- **Data provided**:
════════════════

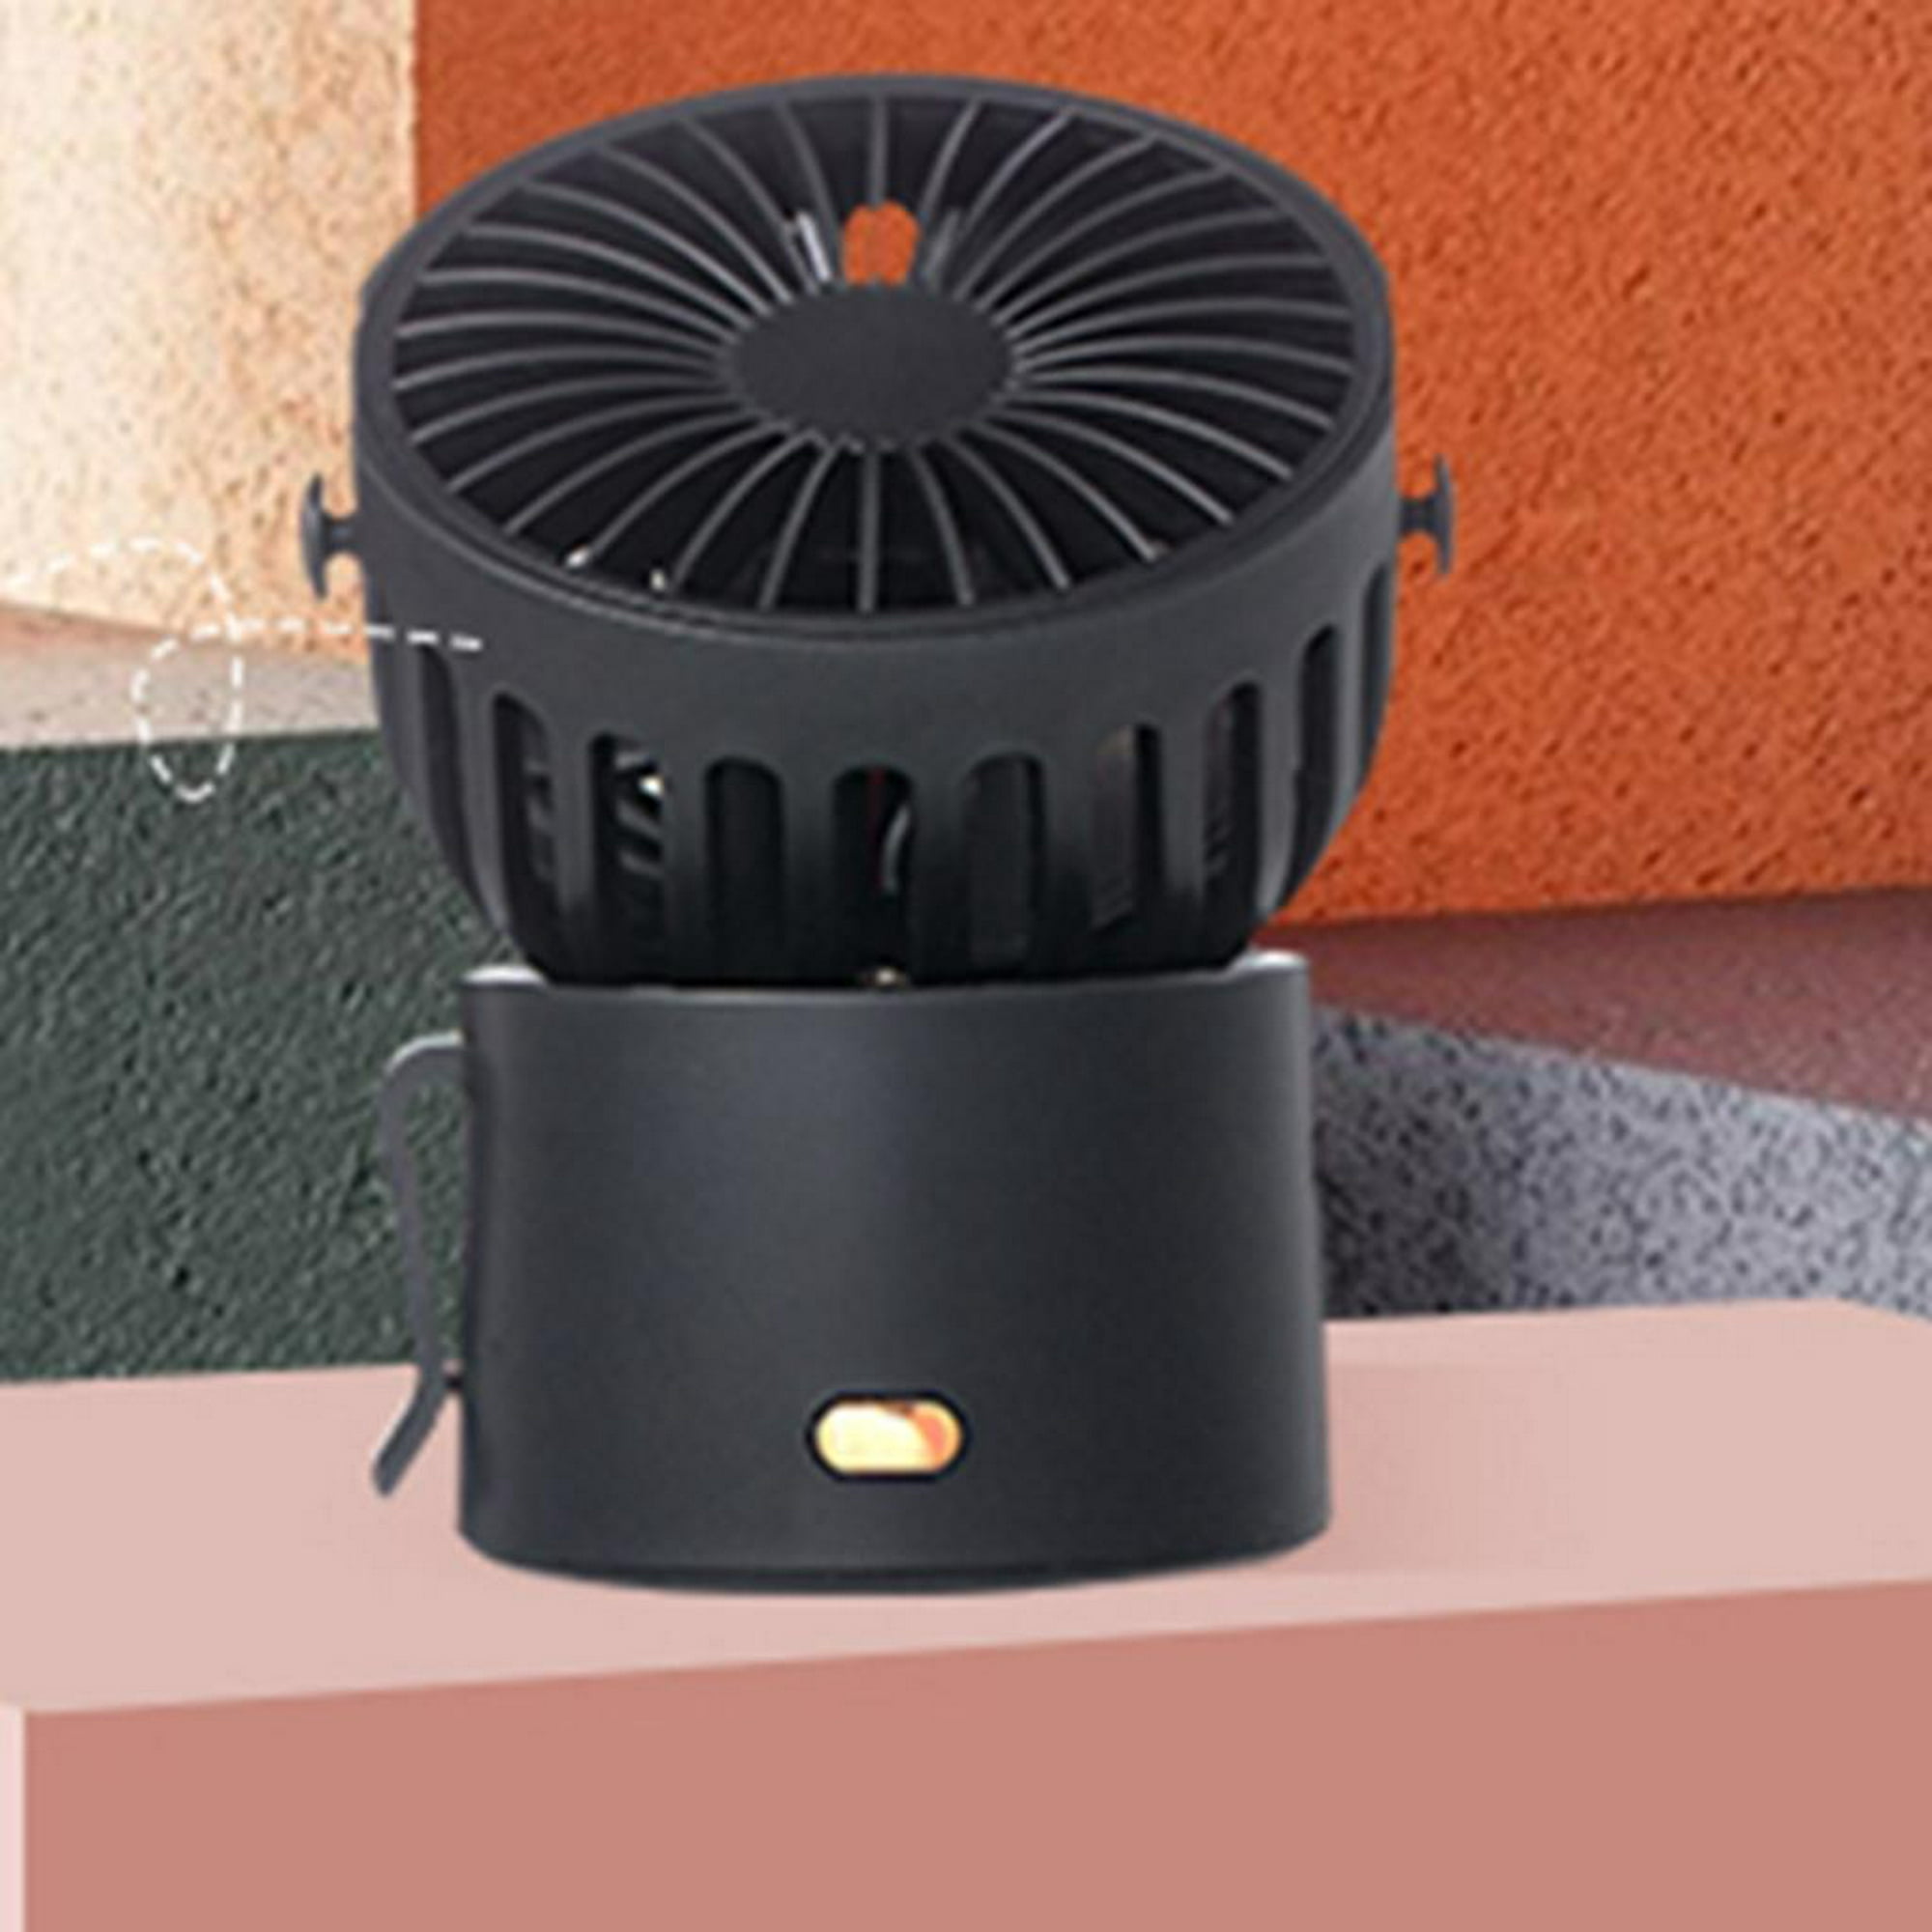 VODA Ventilador de estufa de 4 aspas, alimentado por calor, ventiladores  ecológicos para quemador de leña, chimenea, flujo de aire más grande de
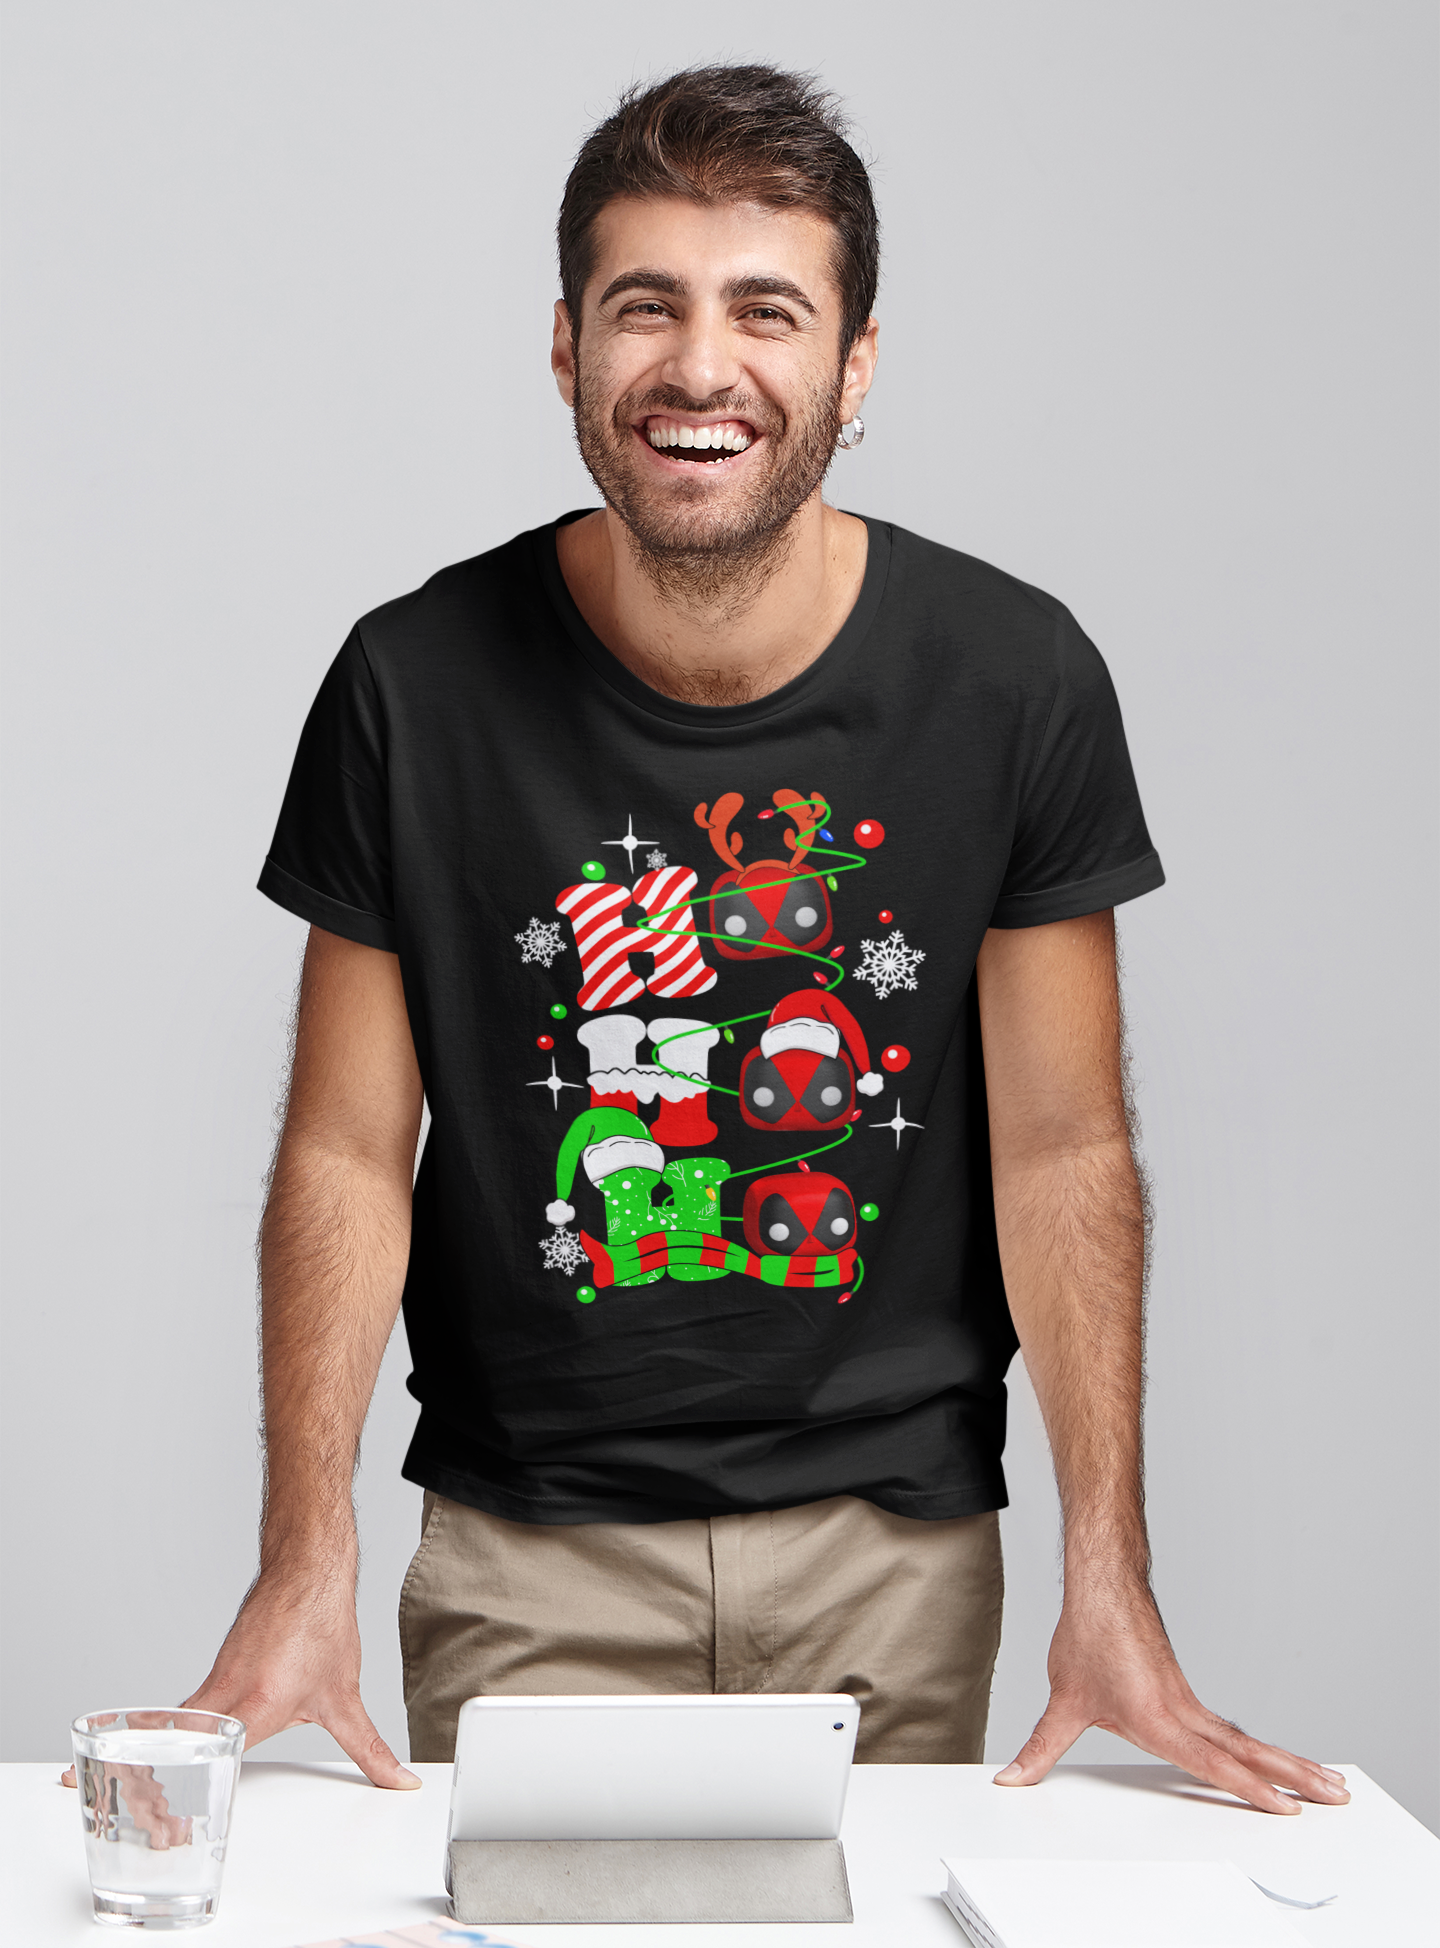 Deadpool T Shirt, Ho Ho Ho Tshirt, Superhero Deadpool T Shirt, Christmas Gifts
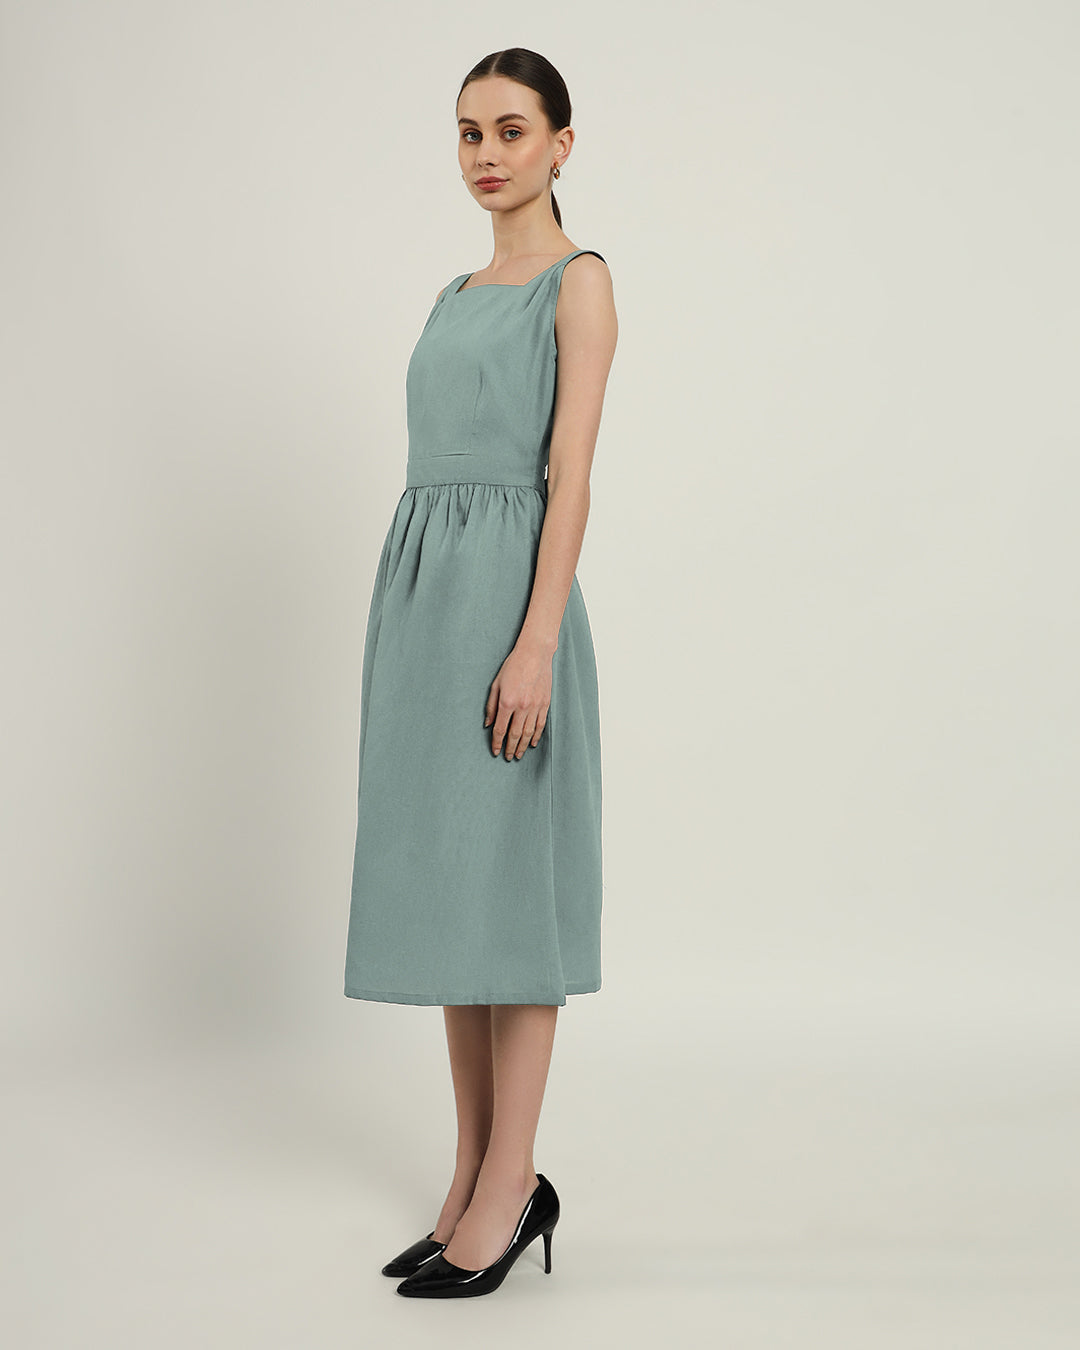 The Mihara Daisy Carolina Linen Dress

════════════════

- **Exercise**: Keep the pictures out, and write out the rest of the data above word for word.

- **Output of the exercise**:
 VODA Ventilador de estufa de 4 aspas, alimentado por calor, ventiladores  ecológicos para quemador de leña, chimenea, flujo de aire más grande de
 Deadpool T Shirt, Ho Ho Ho Tshirt, Superhero Deadpool T Shirt, Christmas Gifts
 The Mihara Daisy Carolina Linen Dress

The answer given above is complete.